Modern tracking systems and high-efficiency panels continue to push these numbers higher each year.
Do solar farms work at night or during cloudy weather?
Solar farms don’t produce electricity at night. During cloudy weather, they operate at reduced capacity, typically generating 10 to 25 percent of their peak output.
Many farms pair with battery storage systems to store surplus energy during sunny periods for use when production drops or demand spikes in the evening.
How long do solar farms last?
Most solar farms are built to operate for 25 to 30 years. Individual panels typically retain 80 percent of their original efficiency after 25 years.
Components like inverters may need replacement sooner, usually every 10 to 15 years. After decommissioning, the land can be returned to agricultural use relatively easily.
Are solar farms bad for the environment?
Solar farms are one of the cleanest energy sources available. They produce no emissions during operation and don’t require water for cooling like fossil fuel plants.

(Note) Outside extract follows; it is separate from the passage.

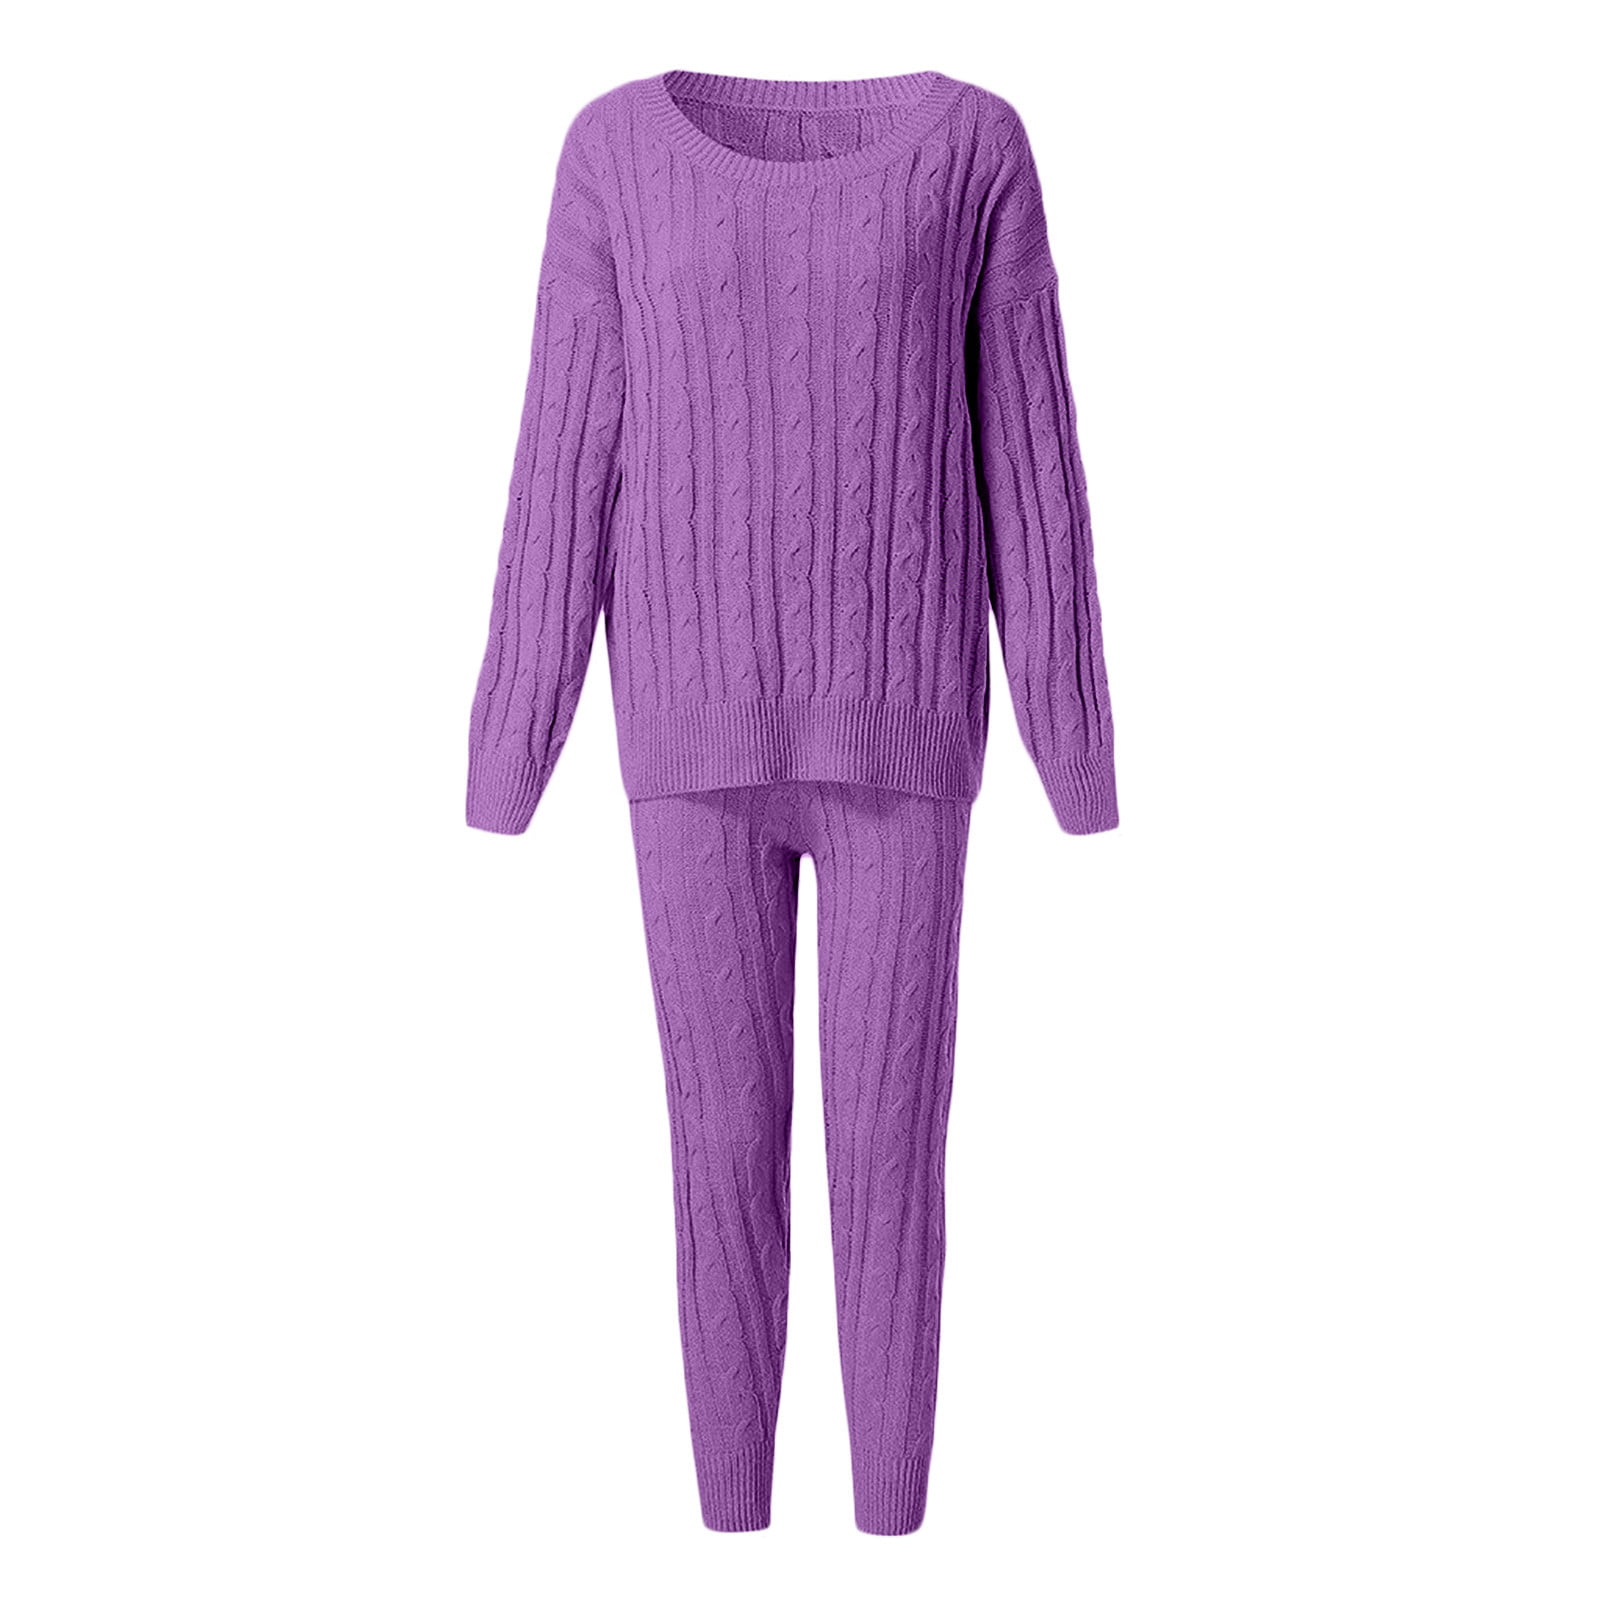 UTTOASFAY Plus Size Long Long Cable Womens Shoulder Women Picks Two-Piece Warm Flash 18(Xxxxxl) Knitted Sweater Color Solid Sleeve Pants Set off Purple Pants Suit Clearance

Studies show they can actually boost local biodiversity by creating pollinator-friendly habitats. The biggest environmental consideration is land use, which dual-purpose farming helps address.
Final Thoughts
Solar farms take a proven technology and scale it to power entire communities. From individual cells to massive tracking arrays, every component works together to maximize clean energy production.
As panel efficiency improves and costs continue to drop, solar farms will play an even bigger role in the global energy mix. The combination of agricultural co-use and pollinator-friendly environments makes them a win for both energy and ecology.